Enfin, Pierre Bonnefille surprend jusque dans les références de personnalités dont il apprécie le travail. À commencer par celui du grand reporter Frédéric Laffont, Prix Albert Londres en 1987, capable de couvrir des conflits, brosser le portrait d’un chef étoilé ou de consacrer des documentaires au savoir-faire des créatifs de la maison Hermès. Pierre Bonnefille cite aussi le photographe Jean Larivière, dont il a vu les images réalisées pour la maison Louis Vuitton. « J’aimerais beaucoup le rencontrer », confie-t-il.

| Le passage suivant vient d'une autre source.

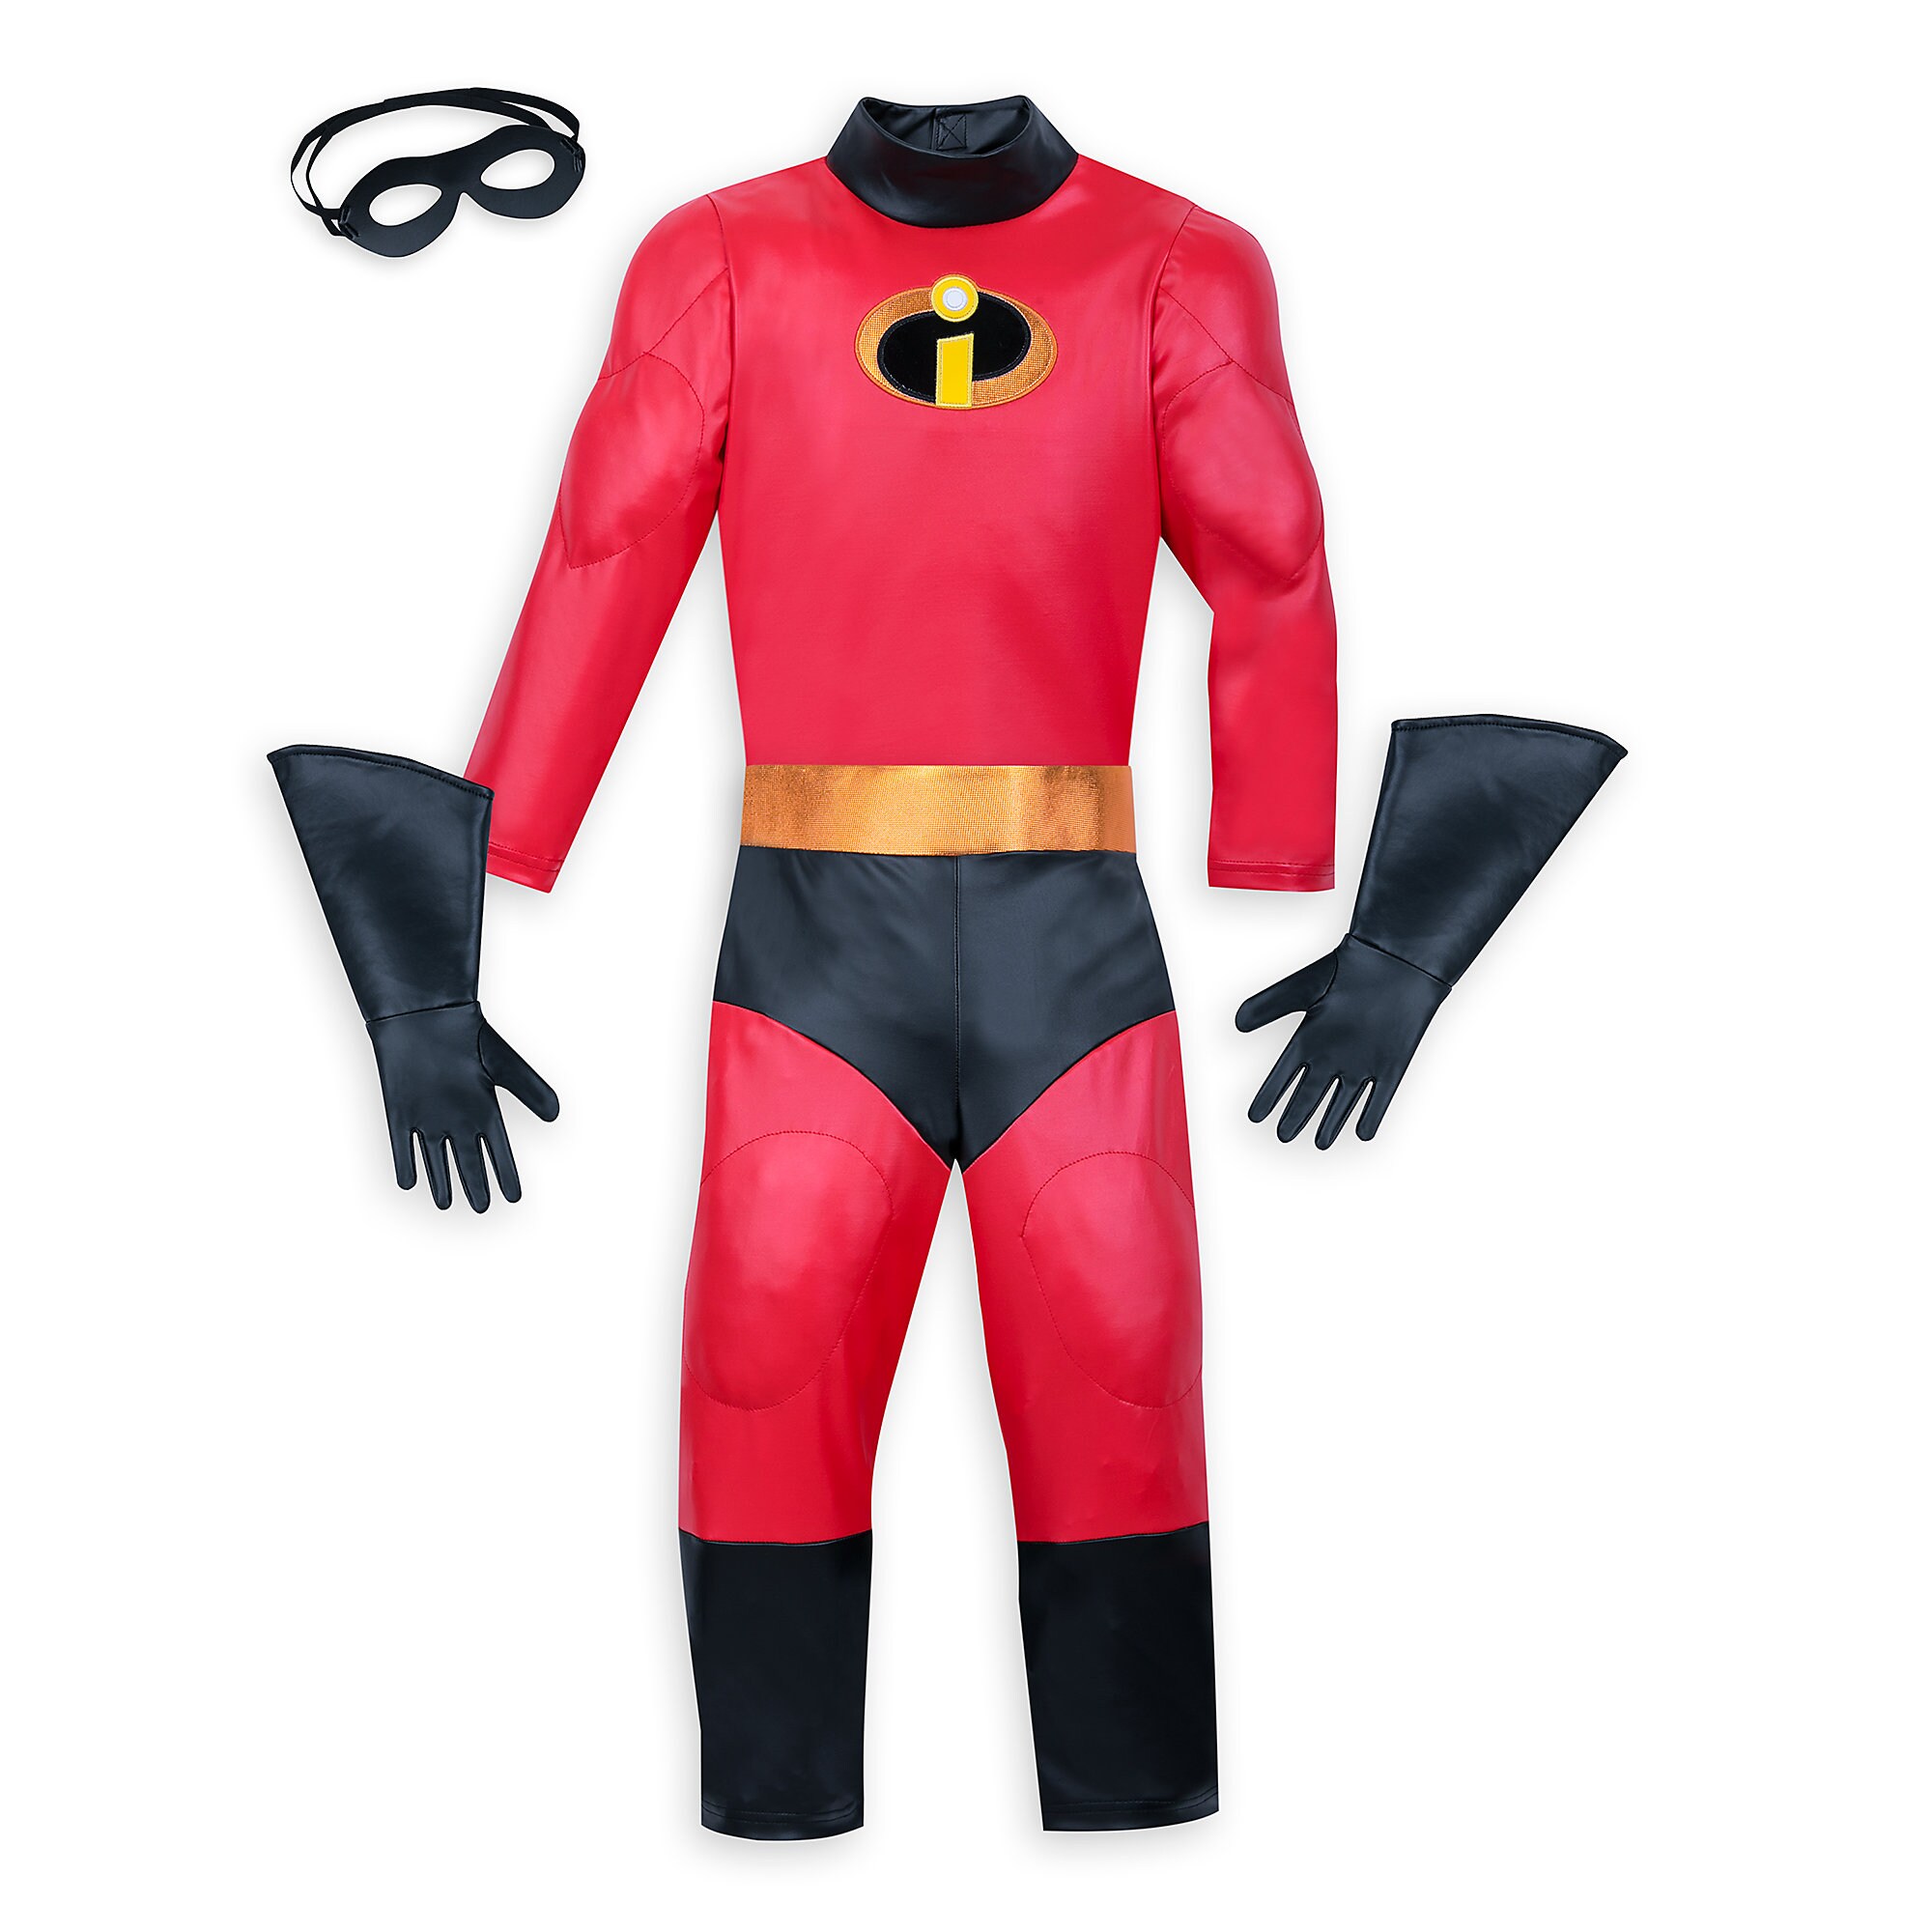 Dash Costume for Kids - Incredibles 2

Deux artistes sur une même longueur d’onde, dans une même précision, une même justesse, une même exigence. On a vu Bonnefille partir jusqu’en Islande, pour contempler des roches immergées, polies par le courant de torrents glacés et couvertes de mousse verte… On se souvient de Larivière embarquer à bord de la Jeanne d’Arc, pour aller photographier le vent...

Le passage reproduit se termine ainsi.